Topic 5.1: The Enlightenment

  • Enlightenment - emphasized reason over tradition and individualism over community values; ideals of this movement such as freedom, individualism, and self-determination challenged the roles of monarchs and church leaders; planted seeds of revolution

  • Scientific Revolution and the Renaissance - humanism and while not denying the existence of God, emphasized human accomplishments and the natural world; natural laws governed social and political spheres

  • The Age of Isms - socialism, and liberalism; opposing side is conservatism

  • Nationalism - intense loyalty to others who share one’s language and culture, should live in an independent nation-state; led to revolutions for independence from imperial powers and constitutional representation

  • Empiricism - Francis Bacon; belief knowledge comes from experience and experiments; based conclusions on observation of natural data rather than relying on reasoning from tradition or religion

  • Hobbes - political life as a result of a social contract; by agreeing to a social contract, people gave up some rights to a strong central government in return for law and order

  • Locke - social contract implied the right or responsibility of citizens to revolt against the unjust government; natural rights to life, liberty, and pursuit of property

    • Tabula rasa - children are born with a blank slate to be filled with knowledge; emphasis on environment and education in shaping people

  • The Philosophes - a new group of thinkers and writers who explored social, political, and economic theories

  • Baron Montesquieu - writers of the new constitution in France and America; praised British use of checks and balances with Parliament; influenced the American system by separating its executive branch from its legislative and third branch

  • Voltaire - advocacy of civil liberties, religious liberty, and judicial reform in France

  • Jean-Jacques Rousseau - expanded on the idea of social contract; General Will of people, believed society could improve

  • Adam Smith - called mercantilism freer trade; supported some government regulations, benefits of taxes, and advocated for laissez-faire; governments should reduce intervention in the economy and believed businesses and consumers should make choices in their own interests to guide a market beneficial for society; provided foundation for capitalism where production are privately owned and operated for profit

  • Deism - the belief that a divinity simply set natural laws in motion and does not interfere

  • Thomas Paine - defense of Deism; wrote Common Sense for advocating liberty from Britain and anti-church writings

  • Conservatism - belief in traditional institutions and favored reliance on practical experience over ideological theories; blamed the poor themselves for poverty

  • Utopian socialism - a system of public or direct worker ownership of the means of production

    • Henri de Saint-Simon - work that produces things useful to society, public works

    • Charles Fourier - work should be enjoyable and less tiring

    • Robert Owen - established intentional communities w/ utopian socialism

  • Classical liberalism - belief in natural rights, constitutional government, laissez-faire economics, reduced spending on armies and established churches

  • Feminism - women’s rights and quality

    • Olympe de Gouges - during the French Revolution; “Declaration of the Rights of Women and of the (Female) Citizen”

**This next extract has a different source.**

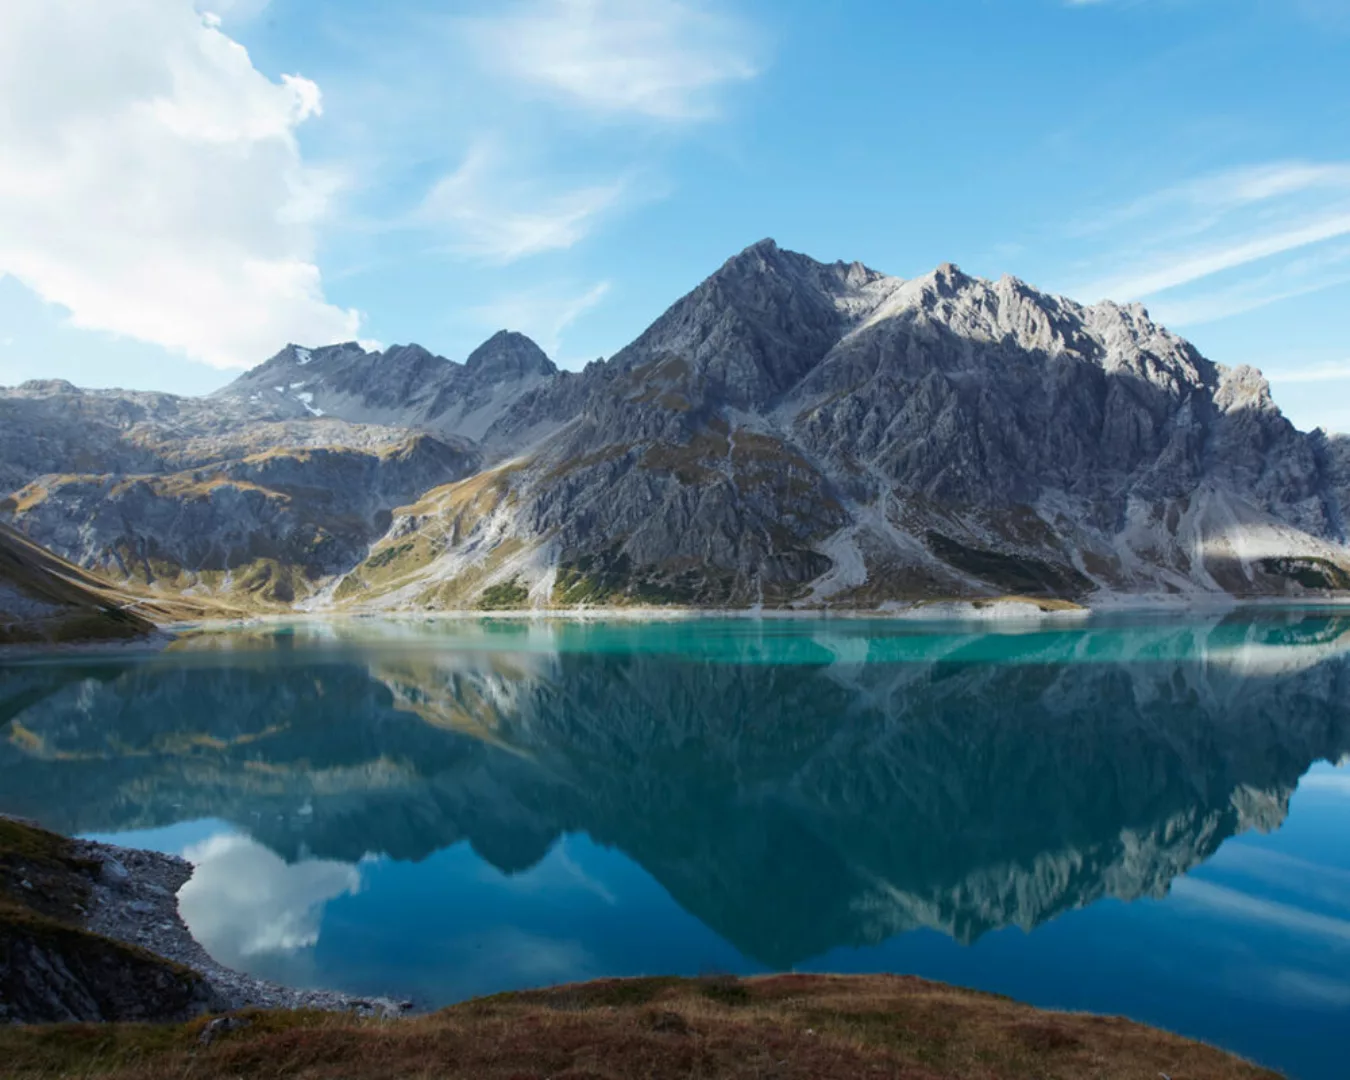 Fototapete "Bergsee klar" 4,00x2,50 m / Glattvlies Perlmutt günstig online kaufen

    • Mary Wollstonecraft - “Vindication of the Rights of Women”; females should get same education as males; universal education would let women participate in society to support themselves rather than relying on men; same rights as men

    • Seneca Falls - activists gathered to promote women’s rights and suffrage; demanded women deserved right to vote, hold office, hold property and manage incomes, and be legal guardians to their children; “all men and women are created equal”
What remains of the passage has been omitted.